In summary, some of the litigation, although costly, is necessary to create the legal framework within which the market can continue to develop with an acceptable level of commercial certainty. That said, I would have to concede that the majority of cases develop into mindless wars of attrition brought about by incompetence (and sometimes fraud) involving sums that are so large that resolution is difficult other than by judgment or an award.

One last point; generally the reinsurance market adopts arbitration as a means of dispute resolution. The thinking is no doubt that the market wishes to have its disputes dealt with by commercial men rather than by lawyers. Indeed, many of the leading cases I have mentioned above only ended up in court by virtue of the fact that in the 1980s a reference to arbitration was seldom put on the slip with the result that if the dispute arose before the policy wording had been agreed (which could take many years), the parties were bound to litigate. Although I have nothing against arbitration, looking back over my practice it does have a number of shortcomings. Firstly, the market itself, despite preferring arbitration as a means of dispute resolution, will not make available current active underwriters or brokers to sit as arbitrators. This is illogical and undesirable.

Secondly, arbitrations are confidential and have no precedent value. In consequence, the same point is often arbitrated over and over again, as we have seen in the personal accident (PA) spiral cases. Thirdly, as the law currently stands, a third party such as the broker cannot be joined to an arbitration with the consequence, as highlighted in the Aneco case referred to previously, that after conclusion of the arbitration a separate action has to be brought against the broker and the issues decided by the arbitrator need to be retried before a judge.

Although many efforts are being made to address these issues, I suspect that the reinsurance market, assisted by the innovative approach of many brokers, will continue to be a fruitful source of business for reinsurance lawyers in years to come.

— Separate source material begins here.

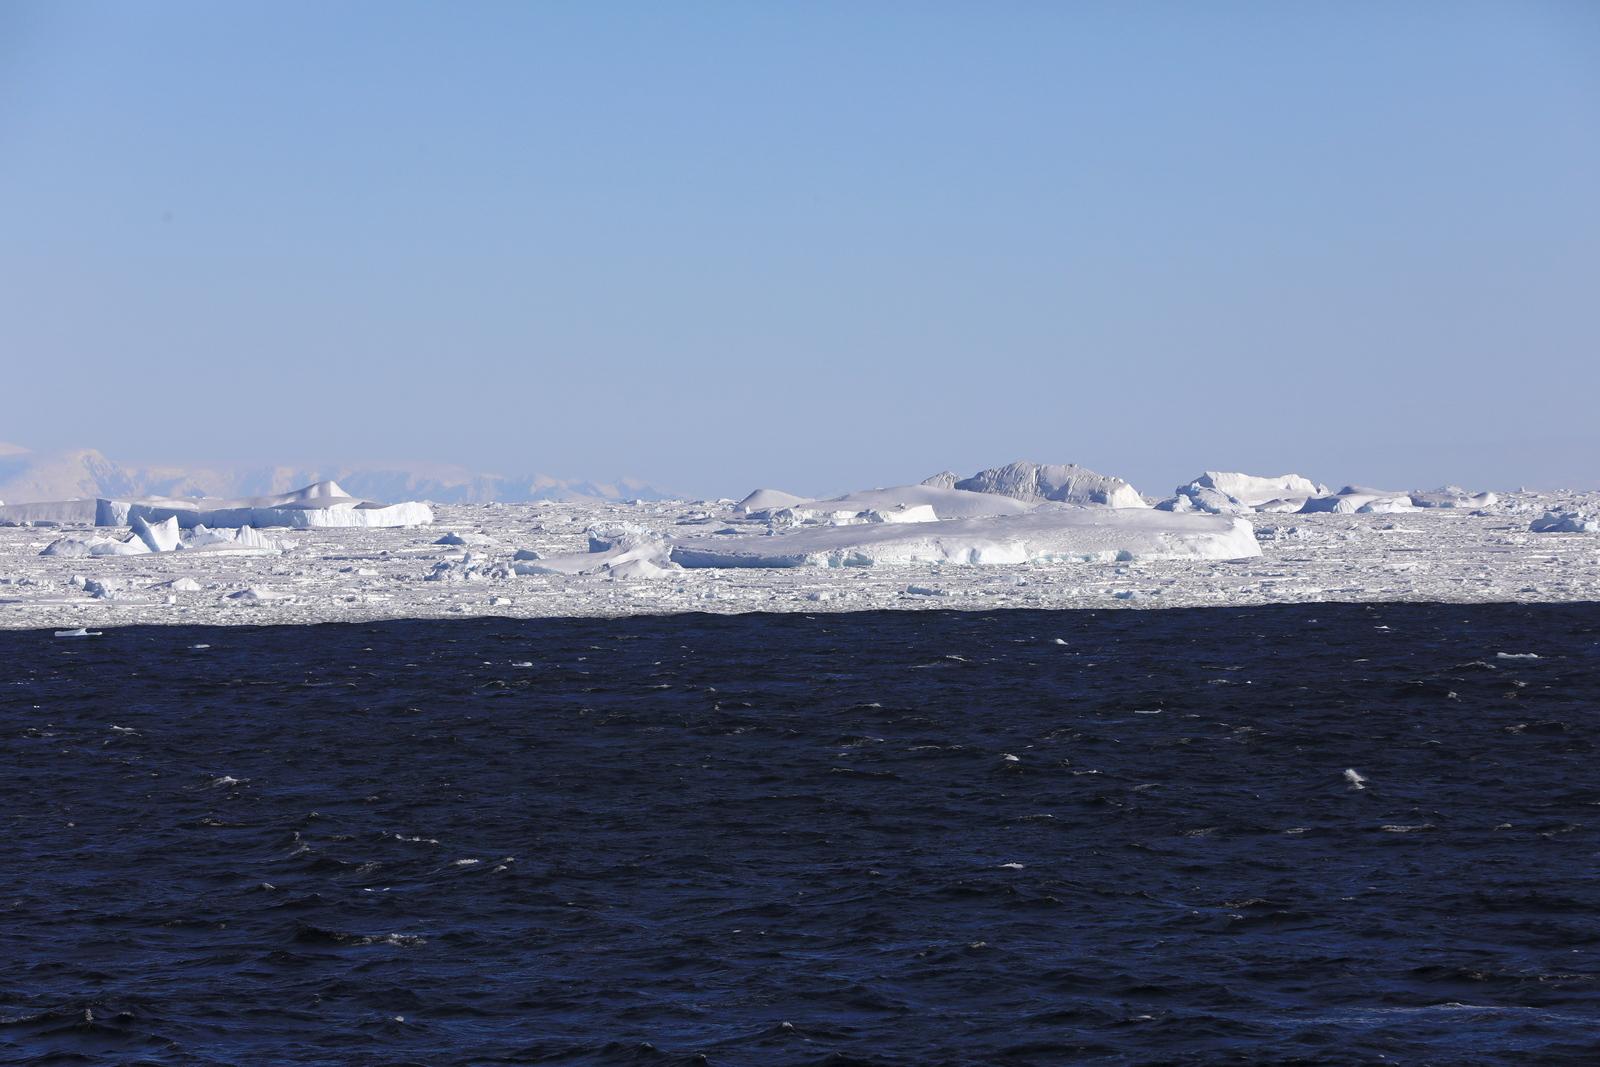 1702_Antarctique_02548_c_sm.jpg

1 The Zephyr, General Accident Fire and Life Assurance Corp v Tanter [1985] 2 Lloyd's Rep 529

2 The Fennia Patria, General Reinsurance Corp v Forsikringsaktiebolaget Fennia Patria [1983] 2 Lloyd's Rep 287

3 The Star Sea [2001] 1 Lloyd's Rep 389

4 Container Transport International Inc v Oceanus Mutual Underwriting Association (Bermuda) Ltd [1984] 1 Lloyd's Rep 476

5 Pan Atlantic Insurance Co Ltd v Pine Top Insurance Co Ltd [1994] 2

Lloyd's Rep 427

6 Pawson v Watson [1778] 98 ER 1361

7 Aneco v Johnson & Higgins [1998] 1 Lloyd's Rep 565

8 Charman v Gordian Run-off Ltd [2003] 1 Lloyd's Rep IR 333

Peter Rogan is the senior partner of Ince & Co, a London law firm involved in all of the leading cases referred to in this article which also advised the London market on many aspects of the LMP slip.